Aujourd’hui, certains êtres de notre monde sont abandonnés aux loups. Les enfants à naître quasiment partout, et dans certains pays les personnes âgées, malades ou handicapées, les pauvres…  Qui seront les bons pasteurs prêts à donner leur vie pour les protéger ?

 

Ainsi, le bon pasteur est celui qui, avec son bâton, guide ses brebis vers le lieu de leur bien-être, qui crée avec elles une relation d’intimité et de confiance, et qui les protège des loups. On reconnaît là le Christ qui, avec son sceptre – le bois de la Croix – nous conduit vers le Père pour que nous puissions le contempler, qui établit avec chacun d’entre nous une relation d’amour, et qui nous délivre du mal. 3 types de questions se posent à nous. D’abord, sommes-nous de bonnes brebis, i.e. nous laissons-nous guider par le Christ ? Ou bien suivons-nous d’autres pasteurs, consciemment ou non, qui nous conduisent loin du Royaume (cf le désir mimétique de René Girard) ? Ou encore, sommes-nous des moutons de Panurge, qui suivent les autres moutons, même si ceux-ci se précipitent dans la mer (cf l’histoire de Rabelais) ? Deuxièmement, sommes-nous de bons pasteurs vis-à-vis de ceux dont nous avons la charge, nos enfants, nos parents âgés, nos employés… ? Cherchons-nous à les connaître vraiment, et sommes-nous prêts à donner notre vie pour eux ? Enfin, ne ressemblons-nous pas parfois à des loups lorsque nous n’écoutons que nos égoïsmes ? Apprenons dans la prière à ressembler au Christ, pasteur pour nous et « brebis » de son Père (« l’agneau de Dieu »). Prions pour les évêques et pour les prêtres, qu’il a appelés à être les pasteurs de son Eglise, et pour les séminaristes, qui le seront demain. Et prions pour les hommes et les femmes politiques mandatés pour guider leur peuple, particulièrement en ces temps troublés où le loup a pris la forme d’un virus minuscule et insaisissable, qui rend les bons choix difficiles à discerner.

P. Arnaud

[i] « Chacun est tantôt conduit tantôt conducteur, tantôt suiveur tantôt leader.

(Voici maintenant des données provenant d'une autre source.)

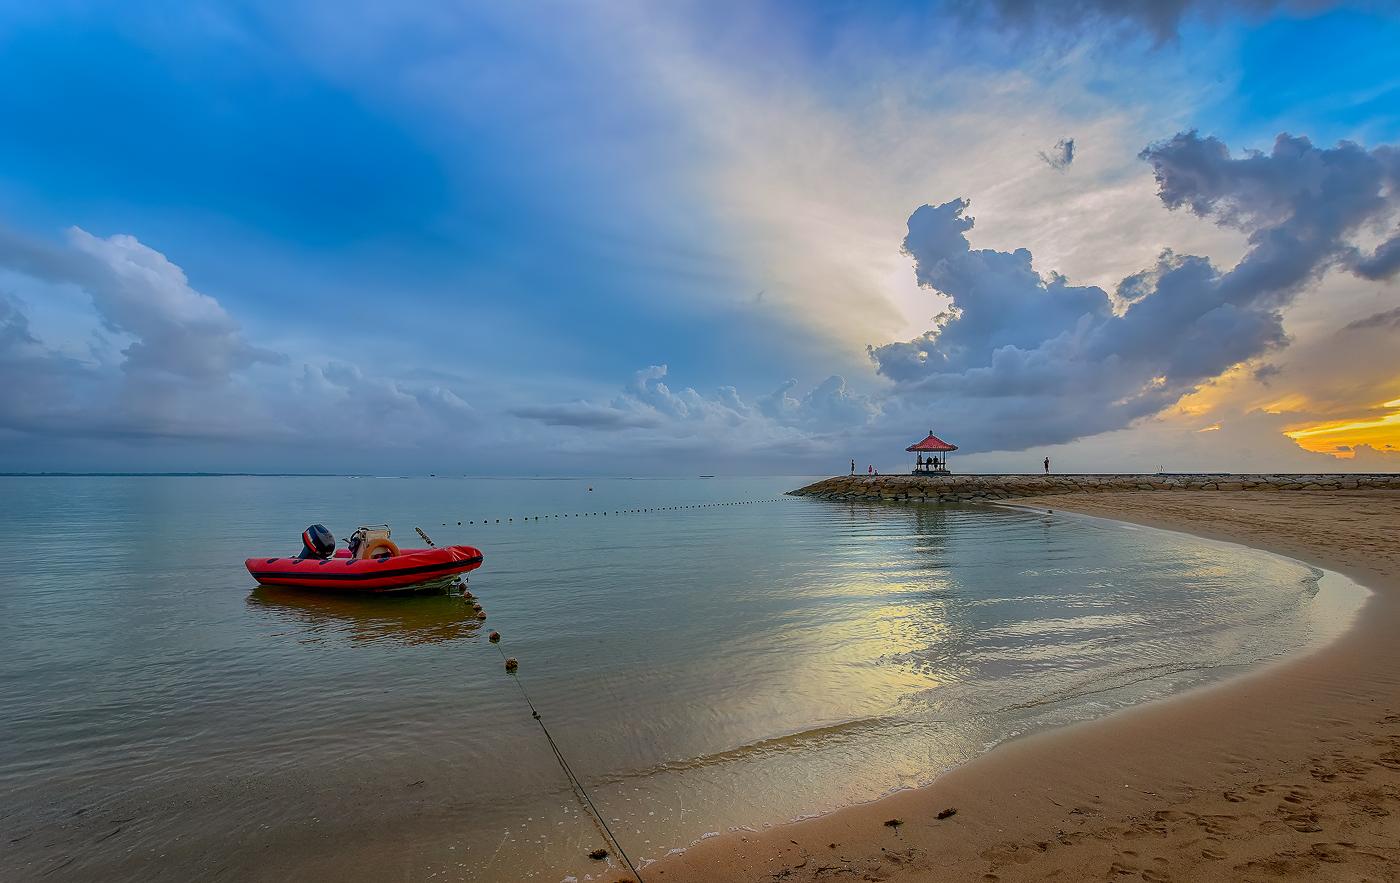 путешествие,пейзаж,морской,рассвет,Бали,

Avec le risque d’ailleurs de faire payer à ceux qui me voient dans un rôle ce dont je souffre dans un autre rôle. Tel salarié obéissant et fidèle devient un tyran à la maison. Tel bon père de famille devient insupportable au bureau. » (http://lhomeliedudimanche.unblog.fr/2012/07/21/du-bon-usage-des-leaders-et-du-leadership/)

 

[ii] « Par ma vie, oracle du Seigneur Yahvé, je le jure : parce que mon troupeau est mis au pillage et devient la proie de toutes les bêtes sauvages, faute de pasteur, parce que mes pasteurs ne s’occupent pas de mon troupeau, parce que mes pasteurs se paissent eux-mêmes sans paître mon troupeau, eh bien ! pasteurs, écoutez la parole de Yahvé. Ainsi parle le Seigneur Yahvé. Voici, je me déclare contre les pasteurs. Je leur reprendrai mon troupeau et désormais, je les empêcherai de paître mon troupeau. Ainsi les pasteurs ne se paîtront plus eux-mêmes. J’arracherai mes brebis de leur bouche et elles ne seront plus pour eux une proie. » (Ez 34, 8‑10)

 

[iii] Ce désir peut-il être assouvi ? Dans l’Ancien Testament, il est écrit clairement que nul ne peut voir Dieu sans mourir (cf Jg 13,22) et le premier commandement interdit de façonner des images de Dieu (cf Ex 20,4). Oui, mais quelque chose a changé radicalement avec la venue du Christ. En lui, Dieu s’est rendu visible : « celui qui m’a vu a vu le Père » (Jn 14,9), répond Jésus à Philippe qui lui demande de lui montrer le Père.